Archbishop Vincent Nichols affirmed this June 3 in a conference on “Education and Young People” given at the University of London’s Heythrop College.

He addressed an audience of Catholic school heads, parish catechists and religious, stating that “the key to Catholic education is provided by the dimension of faith.”

The prelate affirmed that “the complete understanding of our created world, of ourselves, of our growth, of our relationships, of our society is to be found within the living wisdom revealed in the unique Word of God.”

The person of Christ, he said, “is at the center of Catholic school life” and is a “manifesto of our humanity; but a manifesto that is not a pamphlet but a person, and therefore the relationship that each of us has with that person is our key distinguishing feature.”

The archbishop continued: “When we look at the starkest, most plain revelation of the humanity expressed in this Incarnate Word, in Christ, in his moment of full self giving, we find an interpretative key for so many of our dilemmas today.

“In the crucified Lord we see leadership and power exercised always and ultimately in the service of others and not, when the chips are down, in a self protective, self promoting way.

“When we look at the figure of the crucified Christ, the full picture of human love elevated to its fullness; a love that is faithful until death and a love that is the source of new life.”

“It is that this brings in an entirely new calculus into the practical judgments that shape all of our lives,” he affirmed.

Life-building habits

Archbishop Nichols stated that this conviction, the “supreme advantage of knowing Christ, gives rise to a way of life which we believe fosters true virtue, true, steady life-building habits of mind and action.”

He acknowledged that “there are plenty of indicators in our society today that we need such civic virtues in addition to regulation.”

“Schools are the places where such virtue is generated or where it is neglected,” he added.

A “good” school, the prelate asserted, “will have a coherent moral discourse; it will be able to present not just its codes of conduct, but also its moral reasoning, why these things are held to be crucial in the enterprise of education.”

“I would trust that a Catholic school is certainly able to do this,” he added.

The archbishop noted, “Today we live in a society which tends to ‘instrumentalize’ everything.”  

He explained: “In other words, everything is broken down to clear objectives and attainments and each is given its price.

“Once this really takes hold, then education has truly entered the market place and its entire ecological system is threatened with pollution. When everything has a price then nothing has lasting value.”

Places of growth

However, Archbishop Nichols affirmed, “our society also needs places which are neither commercial nor political, places which nurture what are so rightly called ‘civic virtues.'”

“These virtues,” he stated, “such as trust, respect, fundamental honesty, a genuine concern of the other, and for the common good, are essential.”

The prelate continued: “Both commerce and political life depend upon them.
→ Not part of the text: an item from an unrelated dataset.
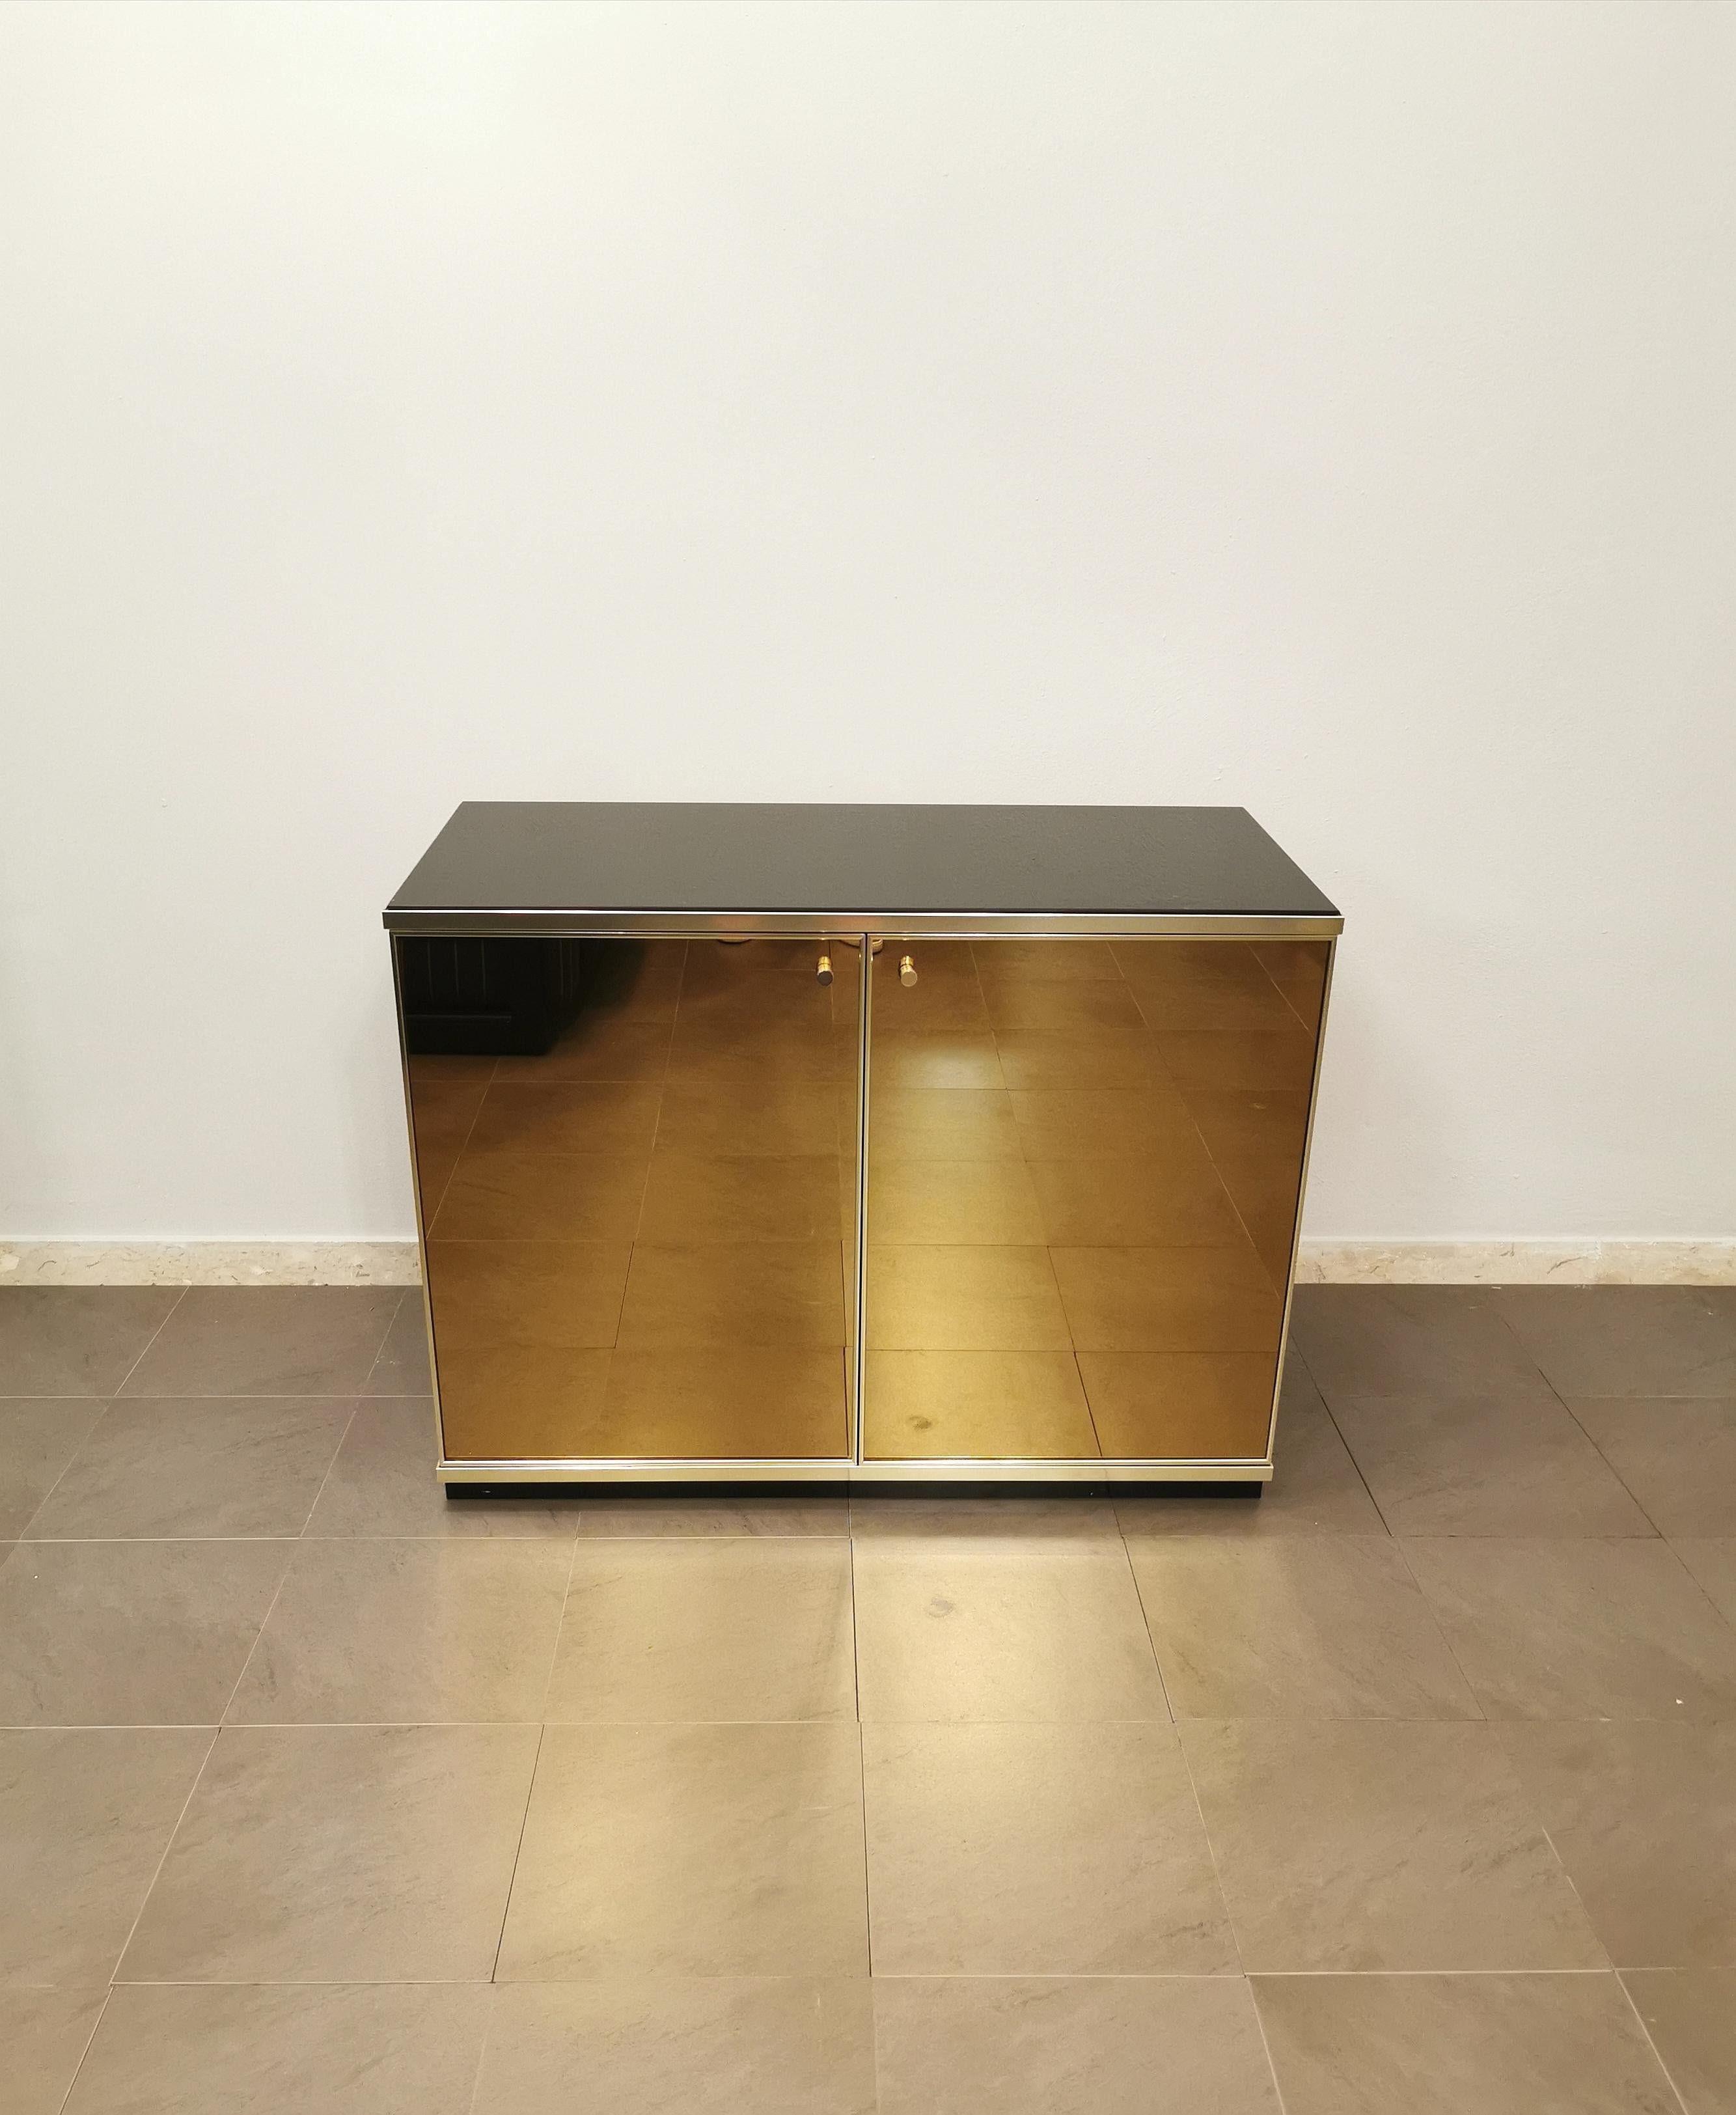 Elegant buffet / sideboard designed by the Italian designer Renato Zevi in the 70s. The buffet has a black lacquered wooden structure, a dark glass top, 2 bronze mirrored glass doors with sand-colored suede inside and 1 wooden shelf. Finishes in

Yet neither commerce nor political life is aimed at generating these virtues — although that can indeed happen.

“Rather the generators of civic virtue are precisely the other aspects of life: charities, voluntary and faith-based groups, the family and, of course, the school.”

“Our schools are places of a covenantal agreement,” he said, “where we stand together with families, parishes and local communities, to create social solidarity: those bonds between us in which true human flourishing can take place.”  

“This is one of the reasons,” the archbishop concluded, “why our schools are a genuine service to our society at large.”